Melinda Bernstein

Davie, FL

Infected: September 1, 2015
Diagnosed: April 17, 2024

My Lyme Story: A Journey of Awakening Through Affliction

I never saw the tick. I never had the bull’s-eye rash. But I knew something had changed. It wasn’t just the spiraling inflammation, the neurological glitches, the bone-deep fatigue, or the thickening fog. It was as if something foreign had entered not just my body, but my soul. Lyme disease didn’t knock. It invaded.

I was living in Northern California between 2011 and 2015, a time of spiritual exploration, conscious eating, and subtle awakenings. But I returned to Florida in 2015 as my father was nearing the end of his life. After his death, my knee swelled significantly. I didn’t have the funds for extensive testing, so I attributed the changes to grief or reintroducing gluten. I minimized. I adapted. I carried on.

“Lyme disease didn’t knock. It invaded.”

– Melinda Bernstein

Like so many women I know, I kept showing up through caregiving, officiating funerals and weddings, holding space for others while ignoring my own quiet decline. I told myself it must have been a bad psychedelic experience in California. I surrendered to that story. But the symptoms worsened.

By late 2023, the world felt like it was unraveling. Israel was invaded on October 7th, and as a Jewish woman and an eclectic rabbi, I felt ancestral trauma rising in my bones. I felt like a fish out of water. A target for hate. I longed for connection and dared to date. But when I spoke truths about my past, my ex-husband retaliated with threats. One night, overcome by pressure and panic, I called 911, thinking I was having a heart attack. I called my son, too. I sobbed and shook uncontrollably, unable to articulate the ache inside me. In desperation, I handed my son my drum and asked him to pound it over my heart to break through what felt like death closing in. Six months later, I received the diagnosis: Lyme.

How Lyme Has Affected My Life

Lyme brought me to my knees. And in some ways, that was the gift. It stripped away what no longer served. It slowed me down enough to hear the whispers of my body… and the Shechinah (the divine feminine) within me. My brain function suffered. My immunity collapsed. My nervous system was fried. I lost time, relationships, even parts of my identity. But I also found something sacred: the fierce truth that my life was calling out to be reclaimed.

There were moments I didn’t think I’d make it. I even planned a way out during the winter of 2024. That’s how deep the despair went. Lyme doesn’t just affect your body; it unearths every unhealed wound, every buried trauma, every energy leak. It asks for everything. And if you’re not careful, it will take it.

What I’ve Learned

Lyme is not just a bacterial infection. It’s a spiritual teacher. A shape-shifter. A revealer. It shows you who believes you, and who doesn’t. Who holds space for your healing, and who gaslights your pain. It forces you to choose yourself in ways you never have before. I’ve learned:

  • To stop waiting for external validation of my suffering.
  • To track subtle shifts in my energy, my environment, and my emotions.
  • That healing isn’t linear, but it is possible.
  • That saying no can be the most holy word on the path of recovery.

Advice for Others Battling Lyme

If you’re in it right now, if you’re struggling, disbelieved, exhausted, unsure, please hear this:

  • You are not crazy. You are not broken. You are not alone.
  • Trust your instincts. Keep a record. Seek out practitioners who believe you and know how to work with complex illness. Learn your immune system. Know your nervous system. Trust your spiritual system.
  • And above all: grieve what you’ve lost so you can begin to rebuild.

Supports and Treatments That Helped

Healing has required everything:

  • Functional medicine doctors who understand vector-borne illness.
  • Supplements like modified citrus pectin, immunoglobulin therapy, and herbal antimicrobials.
  • Modalities like BEMER for microcirculation, somatic therapies for trauma, and BrainTap meditations.
  • Kabbalistic wisdom that reminded me I am more than this body.
  • Sacred boundaries to protect my energy.
  • Rest.
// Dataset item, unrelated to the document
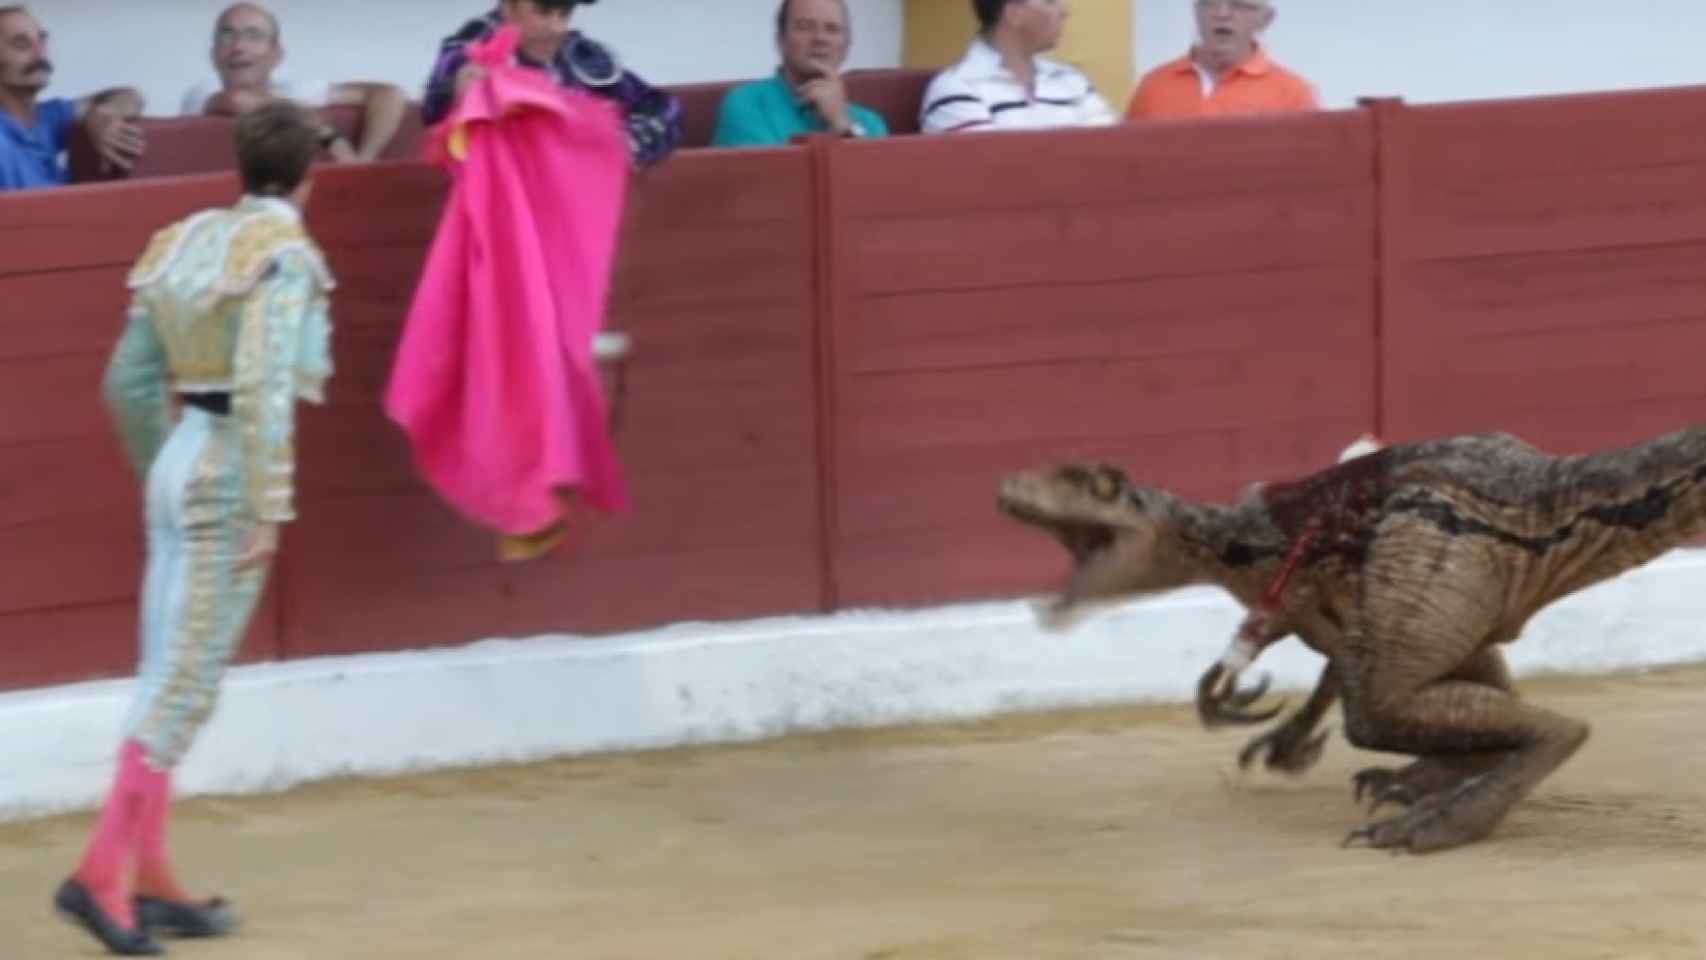 El velocirraptor desafía al matador después de un par de banderillas

Rest. And more rest.
  • Also: grief work, forgiveness, and learning to stop performing strength when I was actually crumbling.

What I Wish I Knew at the Beginning

I wish someone had told me that a tick bite could change your life, not just physically, but psychologically. I wish I had known that early treatment is crucial, and that many doctors will miss it. I wish I’d trusted my symptoms sooner. I wish I had believed myself before anyone else did.

But perhaps most of all, I wish I had known that Lyme would also be a threshold into a deeper purpose. That through the wreckage, I would remember who I am. That my voice, my actual voice, would return, carried through psalms, meditations, and the sacred presence I now embody.

A Closing Blessing

May this story reach those who feel invisible and remind them they are held. May truth rise like light through the cracks. And may the soul remember: Healing is holy.

5 Comments on “Melinda B.

  1. I needed to read this today, thank you. I feel like I could’ve written it. It’s important to talk about the spiritual aspect of this illness and recovery, which is often left out.